For the last week, M has been muttering fragments from the “I have a dream” speech, which just warms the cockles of a liberal mother’s heart. And she can’t stop talking about the play. The play is called Sitting Down and it’s about the Greensboro Woolworth’s sit-ins. M’s class rehearsed it all last week, and this week they’ll perform it for the other third grade classes, two of the second grade classes, and their first grade reading buddies (but, alas, not their parents).
M is Protester #4. Her lines are:
“Why is that, ma’am? Why can’t people like us sit down at your lunch counter?”
“So you want some strawberry shortcake, do you?

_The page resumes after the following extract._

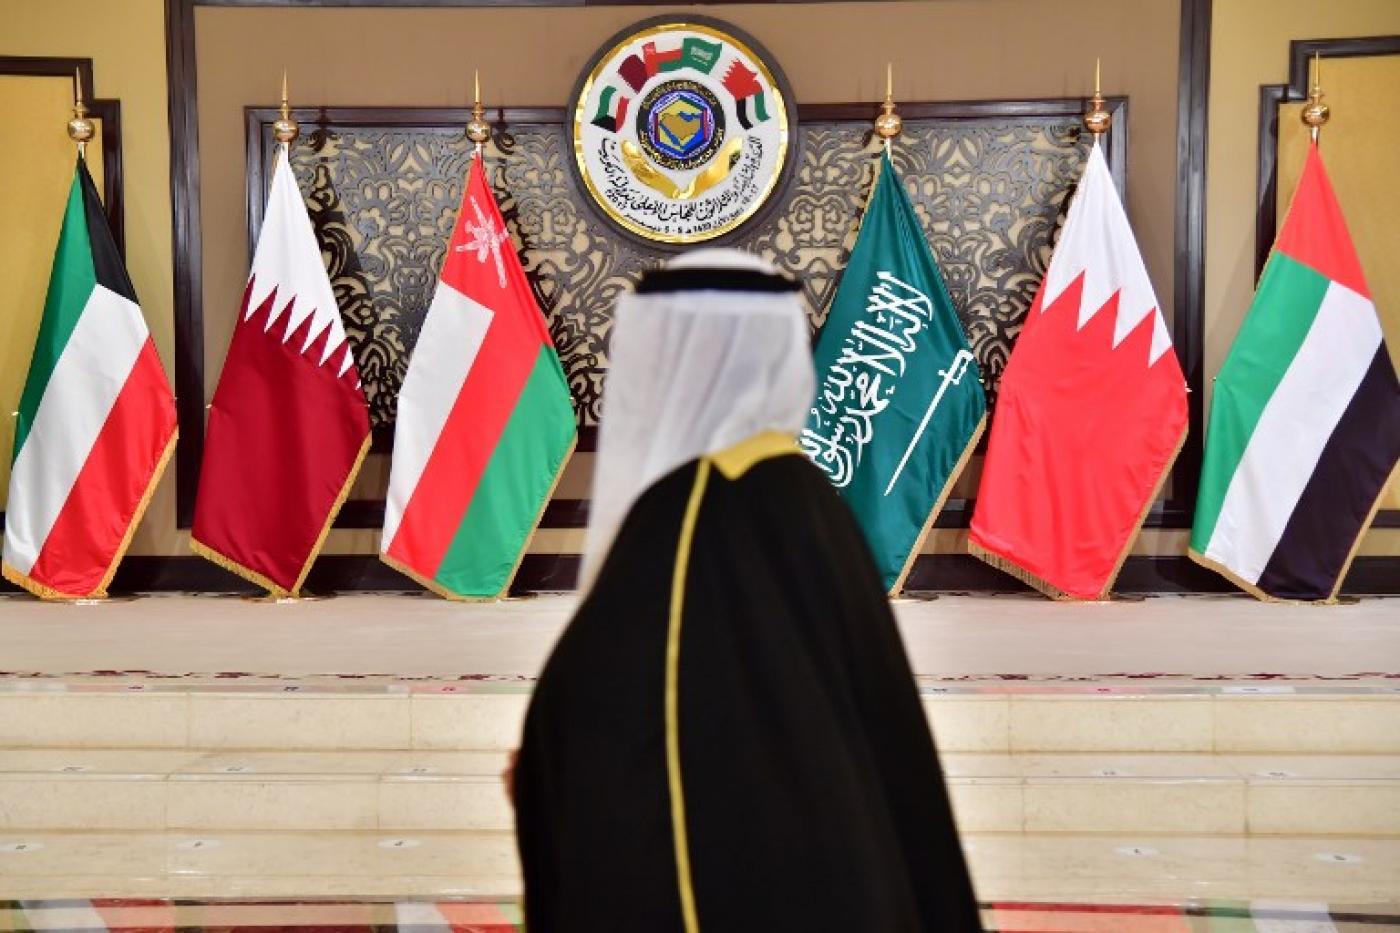 ΚΙΝΗΣΗ ΜΑΤ ΤΩΝ ΑΡΑΒΩΝ ΕΝΑΝΤΙΟΝ ΤΟΥΡΚΙΑΣ: Το Κατάρ ξαναπερνάει στην επιρροή των ΗΑΕ & ΣΑ

Well, so do we.”
"Listen, mister, I don’t want any trouble here.”
There are two casts but Protesters 1, 2, 3, and 4 get to be in both casts, which is why it’s good to be a Protester. Also, Protester #3 gets a bowl of sugar dumped on his head and Protester #4 (that would be M) gets pulled off his seat . (E really wishes she could see that.)

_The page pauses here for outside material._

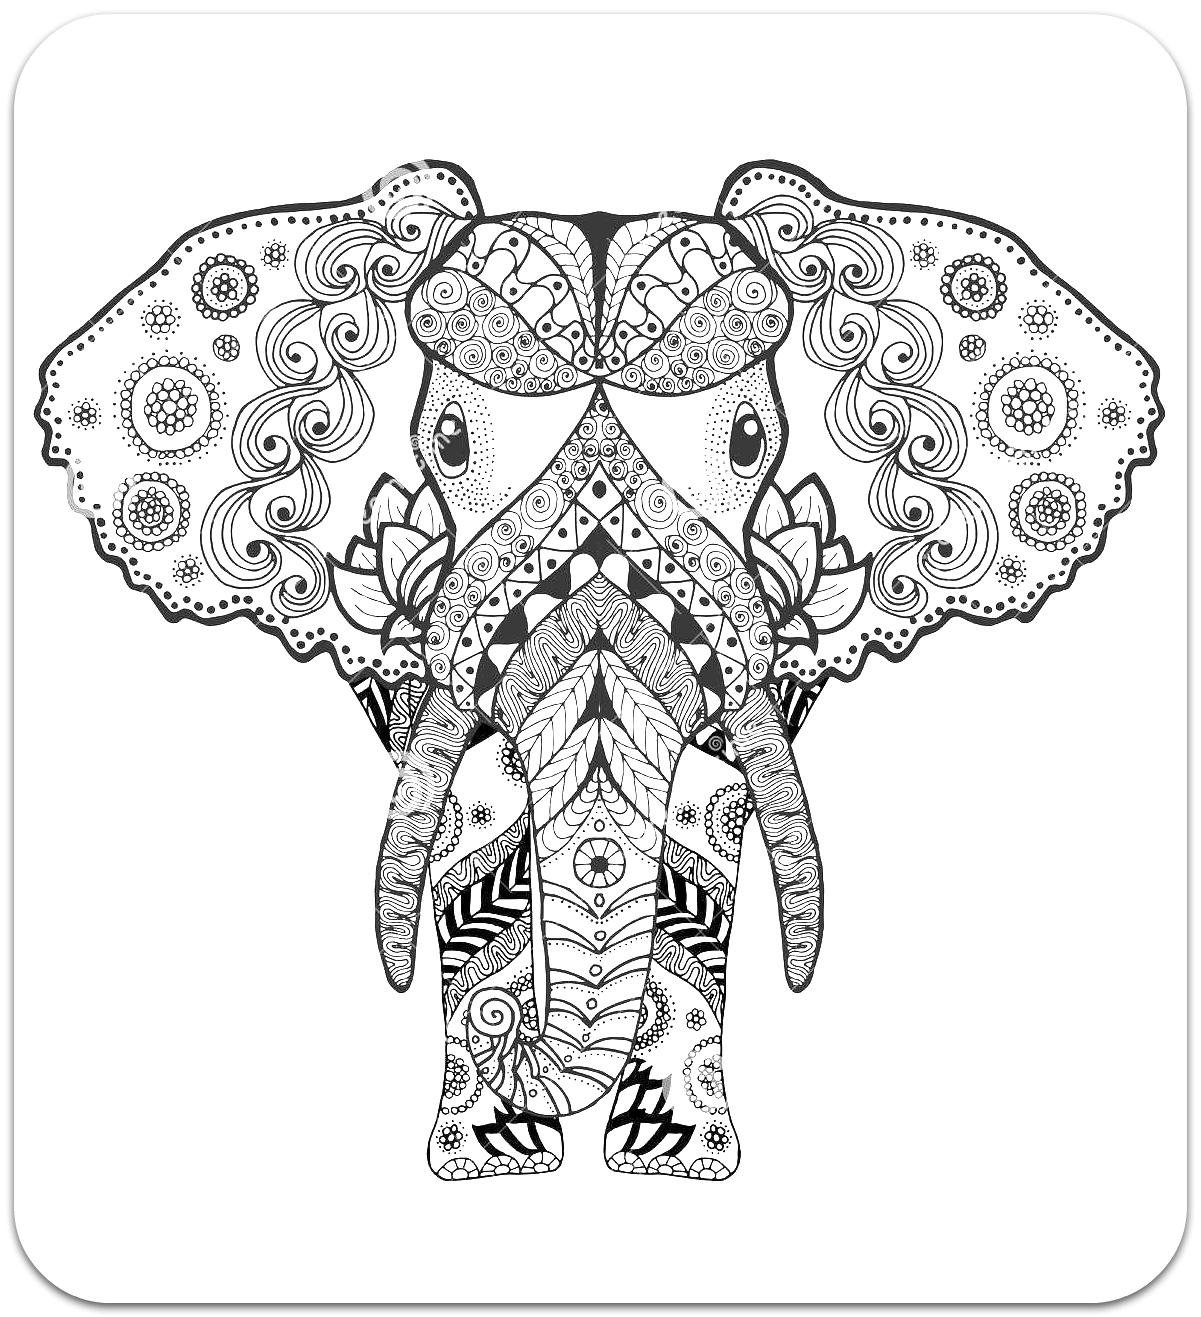 Раскраски-антистресс. Животные (Слон)

If just about now you’re feeling a little uneasy about 21st-century white kids in the heartland playing 1960s southern Black civil rights protesters, well, so am I. But they’re definitely learning about the sit-ins and the civil rights movement, and they’re totally into it. And that’s great.
What’s not so great is that they seem to be learning that racism, like Christopher Columbus and Ben Franklin, is a thing of the past: history for them to study in school and perform in plays. When I asked M if there is still racism, she said she’s not sure, and she comes from one of the more politically aware, liberal (even radical) families in town. I’m sure most of the other kids in her nearly all-white school have no doubt that racism is over, and we celebrate Martin Luther King Jr.’s birthday because he won. How I wish they were right.
[Check out Jackie for a quote that would make M’s teacher seriously reconsider her curriculum.]
1 comment:
FWIW, on the "white kids playing black civil rights protesters" thing--I think it's *excellent.* I went to a school named after MLK, one that was very focused on civil rights curriculum and deliberately and consciously integrated, and we were taught that the history of the civil rights movement was *everyone's* history. Teaching white kids to identify with the struggle for Black civil rights is important: one of the huge problems liberal whites have is with "white guilt," which tends to make them focus on wanting absolution rather than on whatever the issue at hand is. For me, identifying with the civil rights movement and learning about it young has helped short-circuit a lot of that guilt that comes from applying a simple victims/perpetrators model.
Sounds to me like, on this at least, your kid's teacher is doing a pretty decent job.